Reference [19] introduces the hybrid MFO-WOA optimization algorithm to solve global optimization problems and tune FOPID/PID controllers, demonstrating faster convergence and potential applicability in IoT-integrated scenarios. Finally, [20] proposes a reset control approach to mitigate setpoint regulation issues in motion systems subject to Coulomb and Stribeck friction, achieving asymptotic stability and significant overshoot reduction where classical PID fails due to persistent oscillations.

1.2. Contribution

The main contribution of this paper is to present a modification of the PID controller, incorporating an exponential trajectory to guide the system smoothly towards the setpoint. The exponential signal is dynamically reset by a hybrid control mechanism, allowing the system to adapt to reference changes effectively. This approach offers significant improvements in transient behavior, including a reduction in overshoot, and in some cases also reduces the amplitude of the control signals, which directly translates into energy savings.

It is important to note that the primary objective of this paper is not to propose a new method for tuning PID controller gains but rather to enhance the performance of already designed PID controllers. For this reason, readers are referred to standard textbooks such as [1], where PID tuning methods are discussed in detail.

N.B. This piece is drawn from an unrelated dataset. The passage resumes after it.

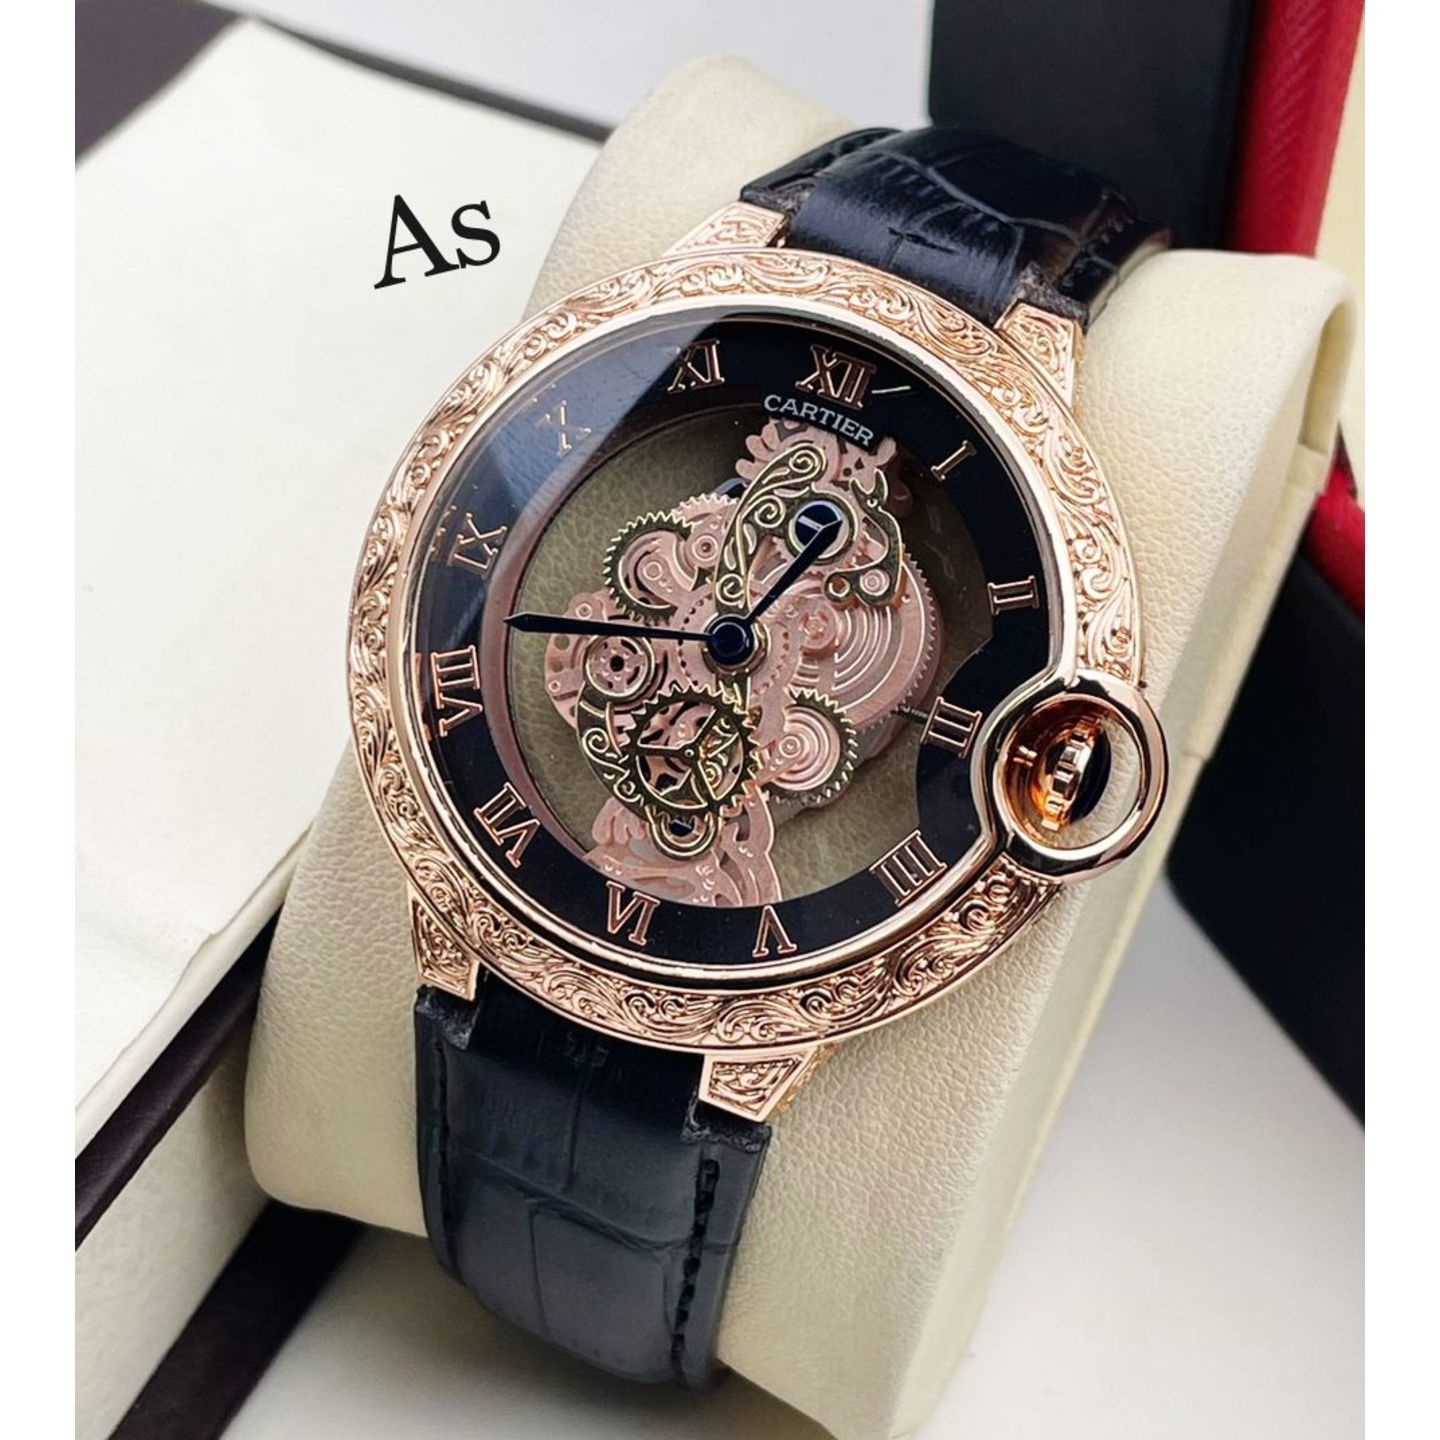 Rose Gold Cartiers Mens Watch with Black Belt

1.3. Manuscript Organization

The remainder of this paper is organized as follows: Section 2 presents a thorough analysis of the proposed control scheme. Section 3 presents both simulation and experimental results, highlighting the performance improvements achieved over conventional PID controllers. Section 4 discusses important aspects of the proposed control approach. Finally, Section 5 presents the conclusions and outlines potential directions for future research to further enhance the proposed method.

2. Main Results

2.1. PID Controller

The reader is advised that the goal of this paper is not to provide a new approach to tuning PID controller gains but to improve the performance of previously designed PIDs. For that reason, the reader is recommended to consult textbooks such as [1] where PID tuning is discussed in depth. However, for the completeness of this paper, it is important to briefly recall what a PID controller is.

Considering the control scheme depicted in Figure 1, a PID controller is a control law designed to regulate a process variable $x\left(t\right)$, such as position, speed, temperature, or pressure. In order to produce the appropriate control signal $u\left(t\right)$, the PID controller needs the following:

• The error $e\left(t\right)$ at time t, which is the difference between the setpoint and the value of the process variable at the current time t, i.e., $e\left(t\right)=x_{sp}-x\left(t\right)$, where $x_{sp}$ is the desired setpoint, $x\left(t\right)$ is the process variable to be regulated, and $e\left(t\right)$ is the error at time t.
• The integral of the error ${\int }_0^{t}e\left(\tau \right)d\tau$ at instant t.
• The time derivative of the error ${\displaystyle \frac{de\left(t\right)}{dt}}$ at instant t.

The PID controller works as follows: the proportional gain ($K_P$) is responsible for reducing the error $e\left(t\right)$ as quickly as possible by applying a correction proportional to the current error. The integral gain ($K_I$) multiplies the error accumulated over time, i.e., the integral of the error, with the aim of eliminating steady-state errors and ensuring accurate convergence to the setpoint. Finally, the derivative gain ($K_D$) is used to predict future error trends based on the derivative of $e\left(t\right)$, which helps to reduce overshoot and improve system stability. The mathematical expression of the PID is as follows:

$$u\left(t\right)=K_{p}e\left(t\right)+K_i{\int }_0^{t}e\left(\tau \right)d\tau +K_D{\displaystyle \frac{de\left(t\right)}{dt}},$$

(1)

where $u\left(t\right)$ is the control signal produced by the PID.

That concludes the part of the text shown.